[PROVIDED DATA — start]

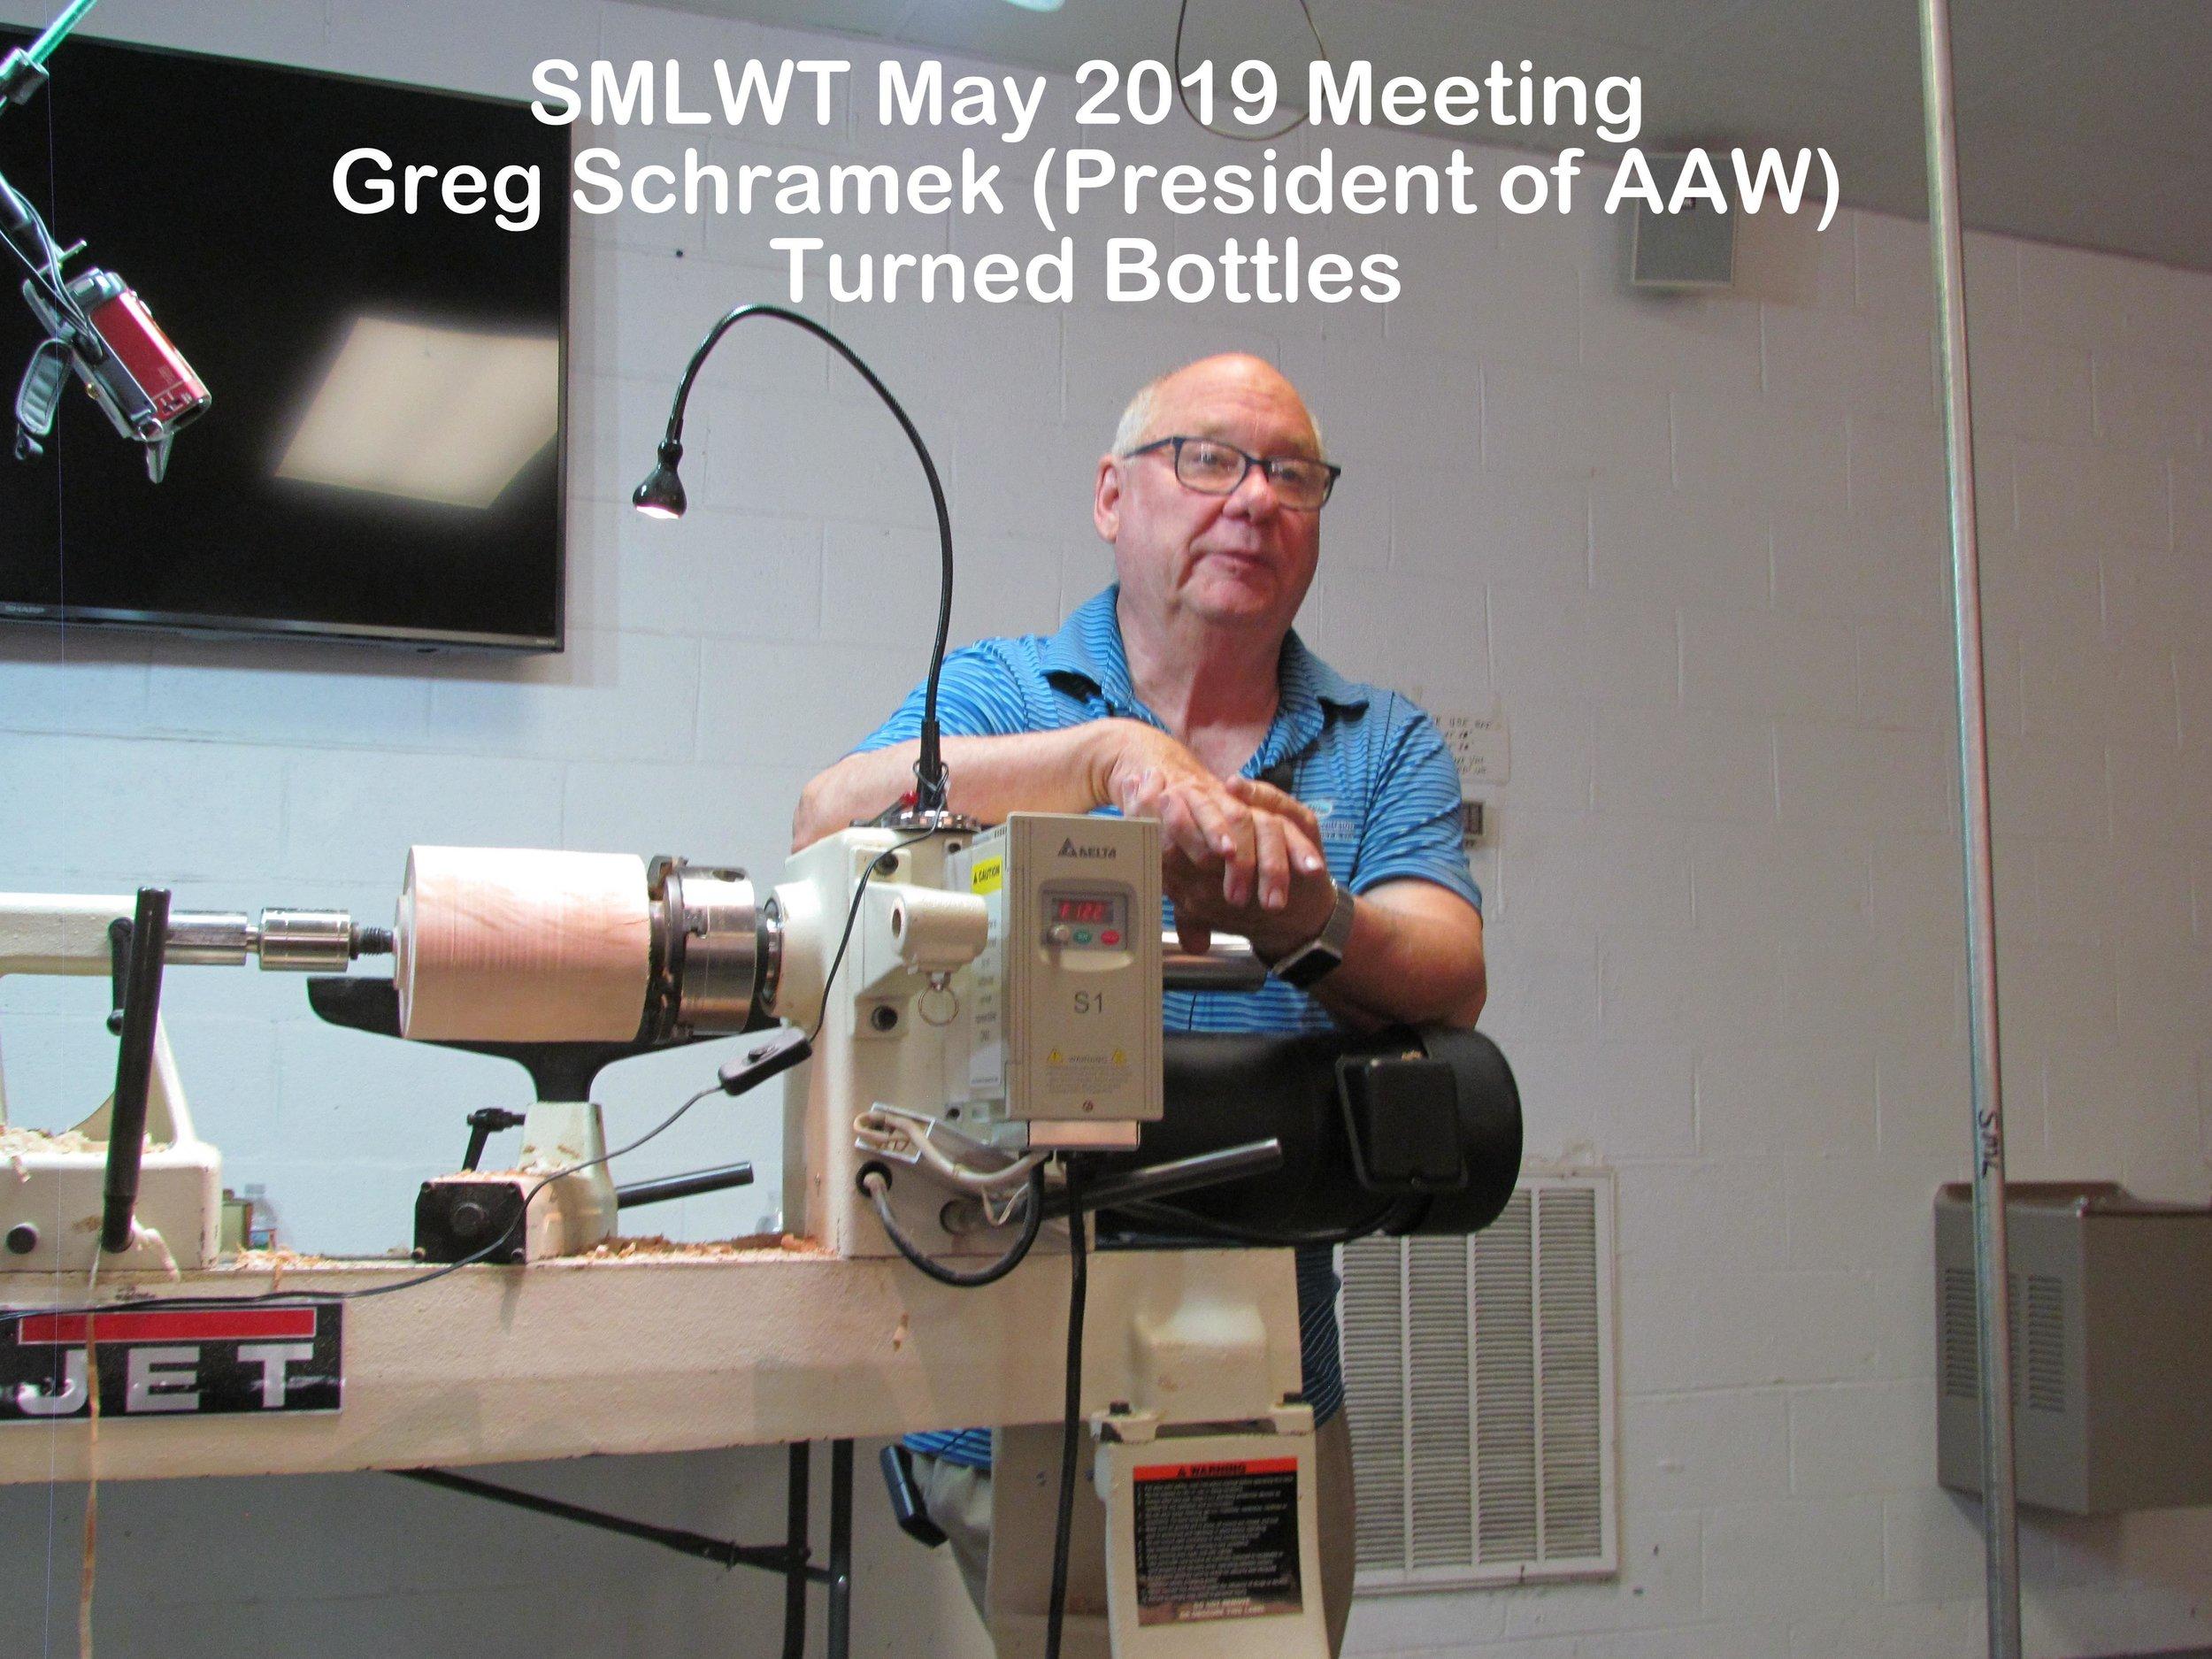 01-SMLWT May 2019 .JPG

[PROVIDED DATA — finish]
[PROVIDED DATA — start]

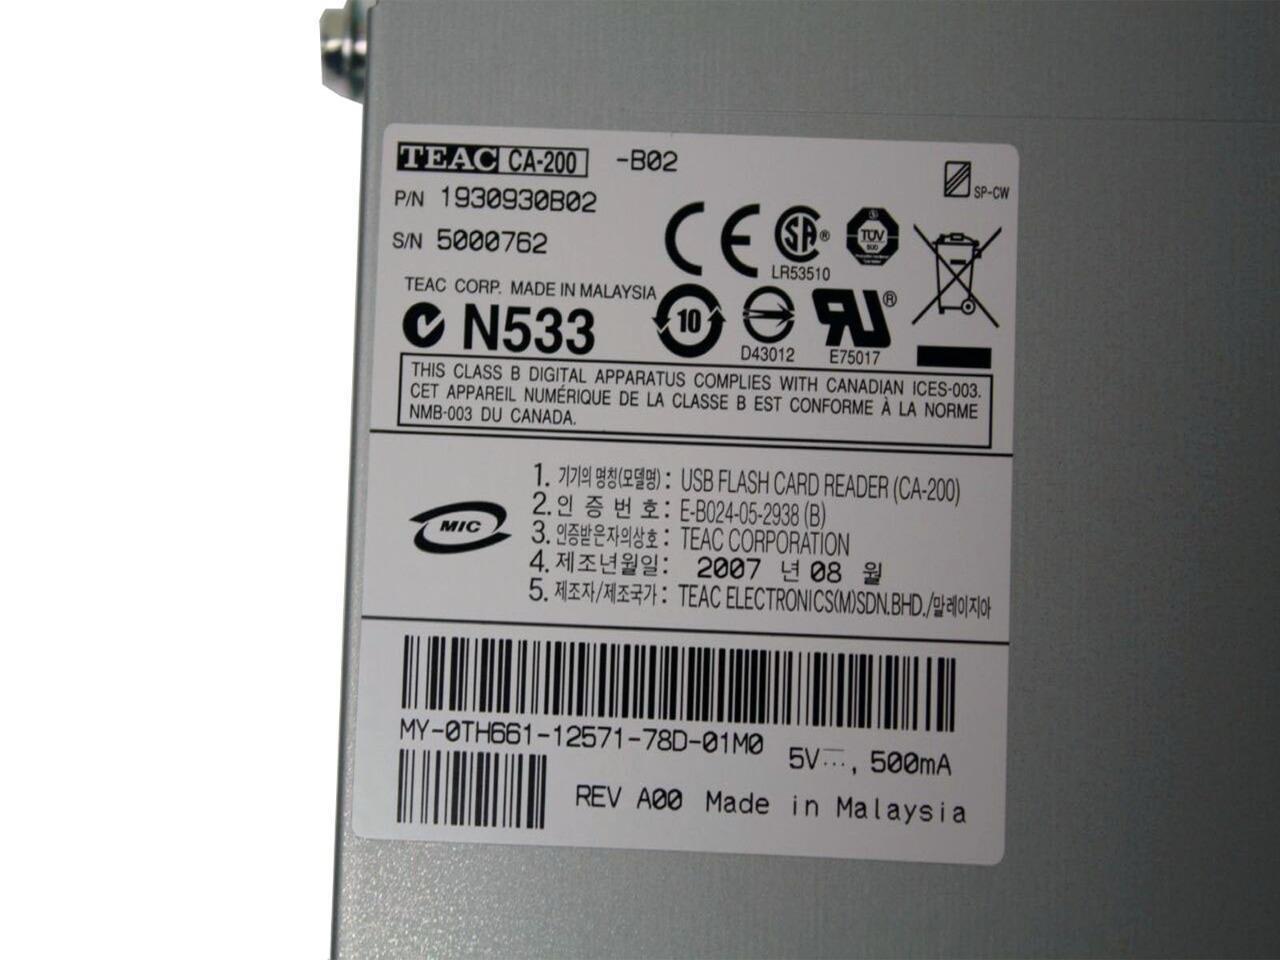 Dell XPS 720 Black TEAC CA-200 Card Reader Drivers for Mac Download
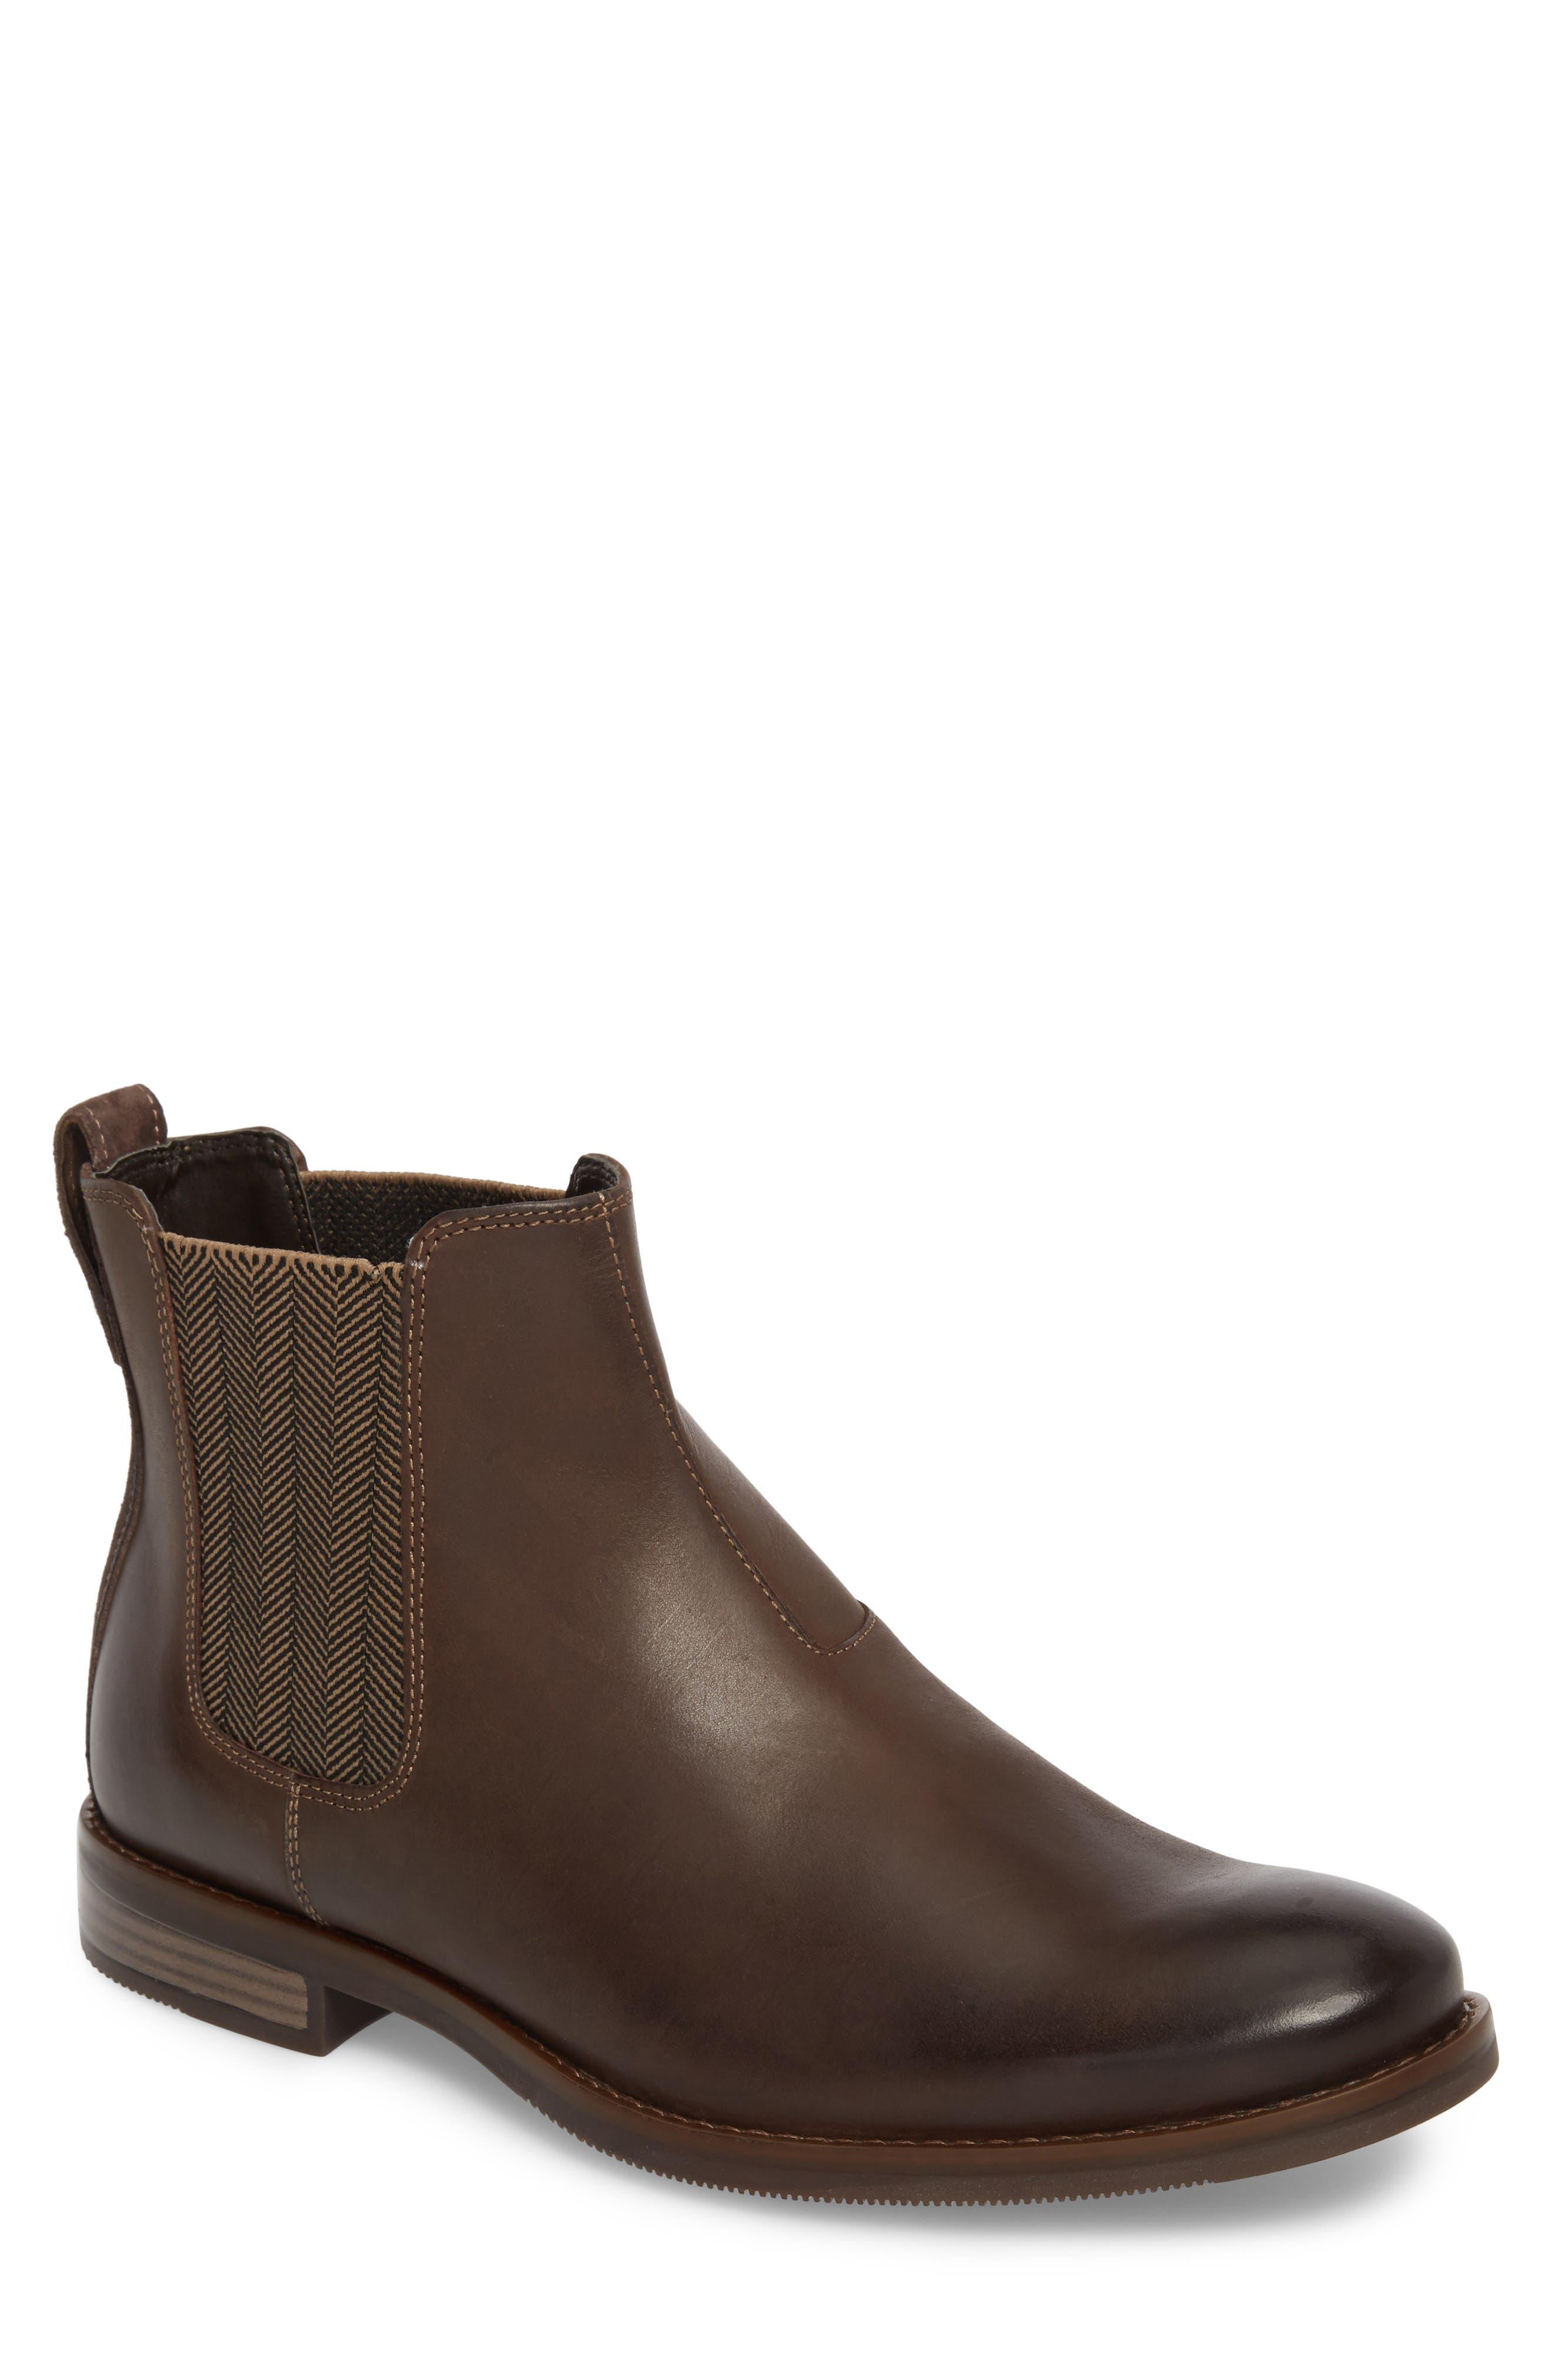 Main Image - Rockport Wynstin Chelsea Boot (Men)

[PROVIDED DATA — finish]
[PROVIDED DATA — start]

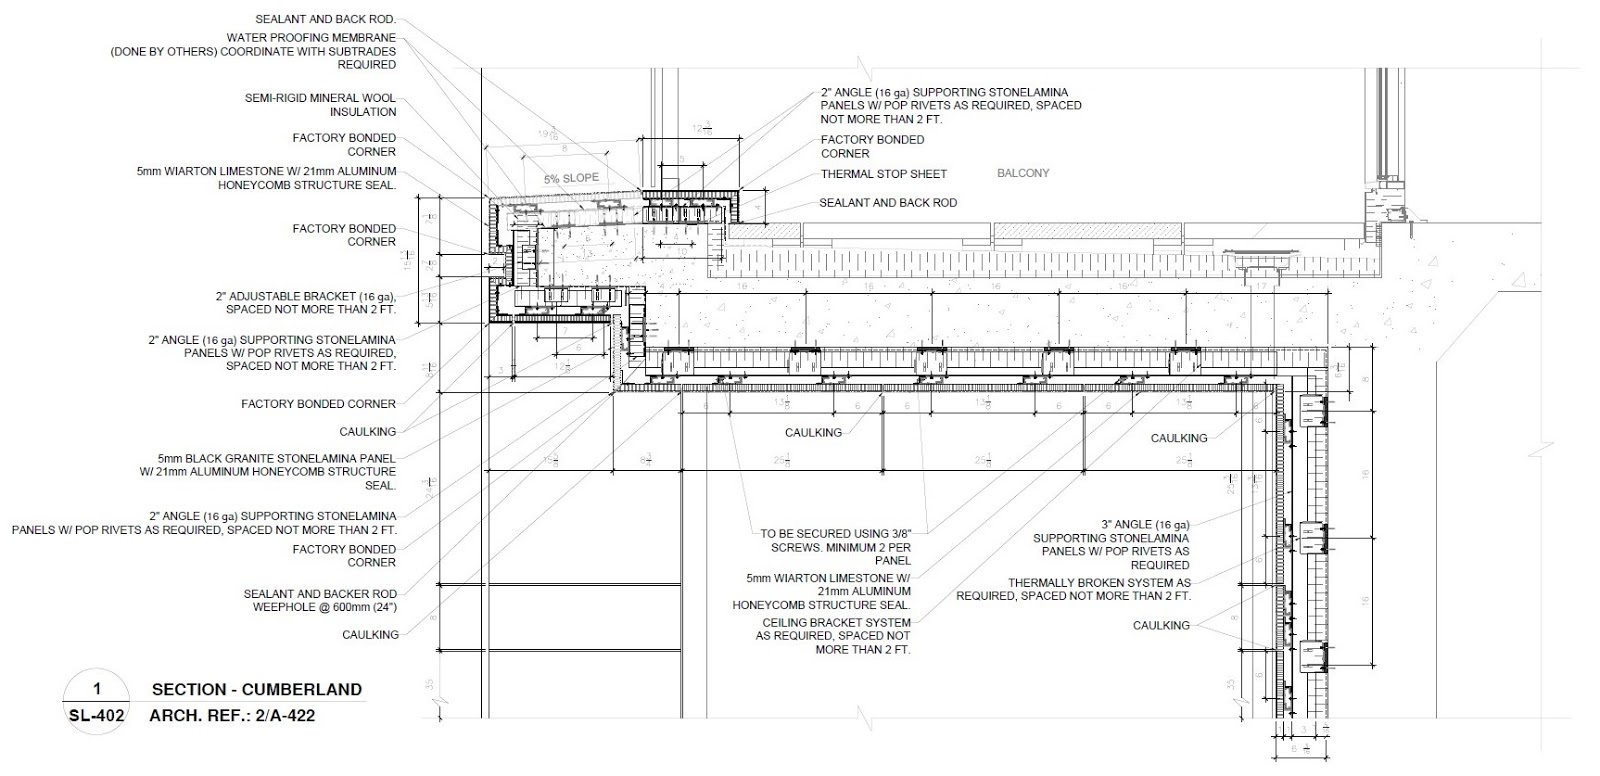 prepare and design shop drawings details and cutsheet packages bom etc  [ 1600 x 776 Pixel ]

[PROVIDED DATA — finish]

From the listing above, repeat only the lines between the line containing "Dell XPS 720" and the line containing "Main Image - Rockport", those two included. Pictures are not part of the copy.

→ SOLUTION BELOW:
 Dell XPS 720 Black TEAC CA-200 Card Reader Drivers for Mac Download
 Main Image - Rockport Wynstin Chelsea Boot (Men)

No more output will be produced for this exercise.